Эта девушка явно кокетничала с Тархоньским, и уж он этим воспользуется.
– Если мы подружимся, пани Вероника, – заявил он, – ничто уже не будет вашему дому грозить.
– У меня есть один недостаток. Иногда я люблю ударить мужчину, – сказала Вероника.

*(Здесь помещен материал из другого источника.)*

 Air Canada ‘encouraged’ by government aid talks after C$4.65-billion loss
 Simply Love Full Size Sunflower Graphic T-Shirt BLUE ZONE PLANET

– Это никакой не недостаток, – засмеялся Тархоньски. – Я говорю вам, что вам ничто не грозит, потому что я уж такой есть, что когда огонь разожгу, то сам в этот огонь первым руку суну. Он выпил настойки, и у него закружилась голова.
– Охотинспектор, пан Марын, – снова начал Хорст Собота, – казался мне человеком из другого мира.
– Пацан. Сопляк, – ответил Тархоньски. – Ездил на кобыле по лесу и людей пугал. Оборотнем его считали. А вам он нравился, Вероника? Она не ответила. Ему, впрочем, и не нужны были ее слова. Он знал и видел свое.
– Он тоже был для вас слишком легкий. А кроме того, слишком впечатлительный. Когда мы вас держали, чтобы Кулеша мог с вами управиться, ему стало нехорошо и он ушел. Он не знает, бедняга, что женщины иногда любят, если их берут силой. Свою бабу я тоже сначала должен побить, чтобы она получила удовольствие.
– И она вас бьет, – ответила Вероника.
– Да. И это хорошо, – поддакнул Тархоньски. – Вам я бы тоже приложил в этот твердый зад. Вероника громко рассмеялась, и Хорст строго сдвинул брови. Что с ней случилось? Словно бы чужая женщина была в его доме.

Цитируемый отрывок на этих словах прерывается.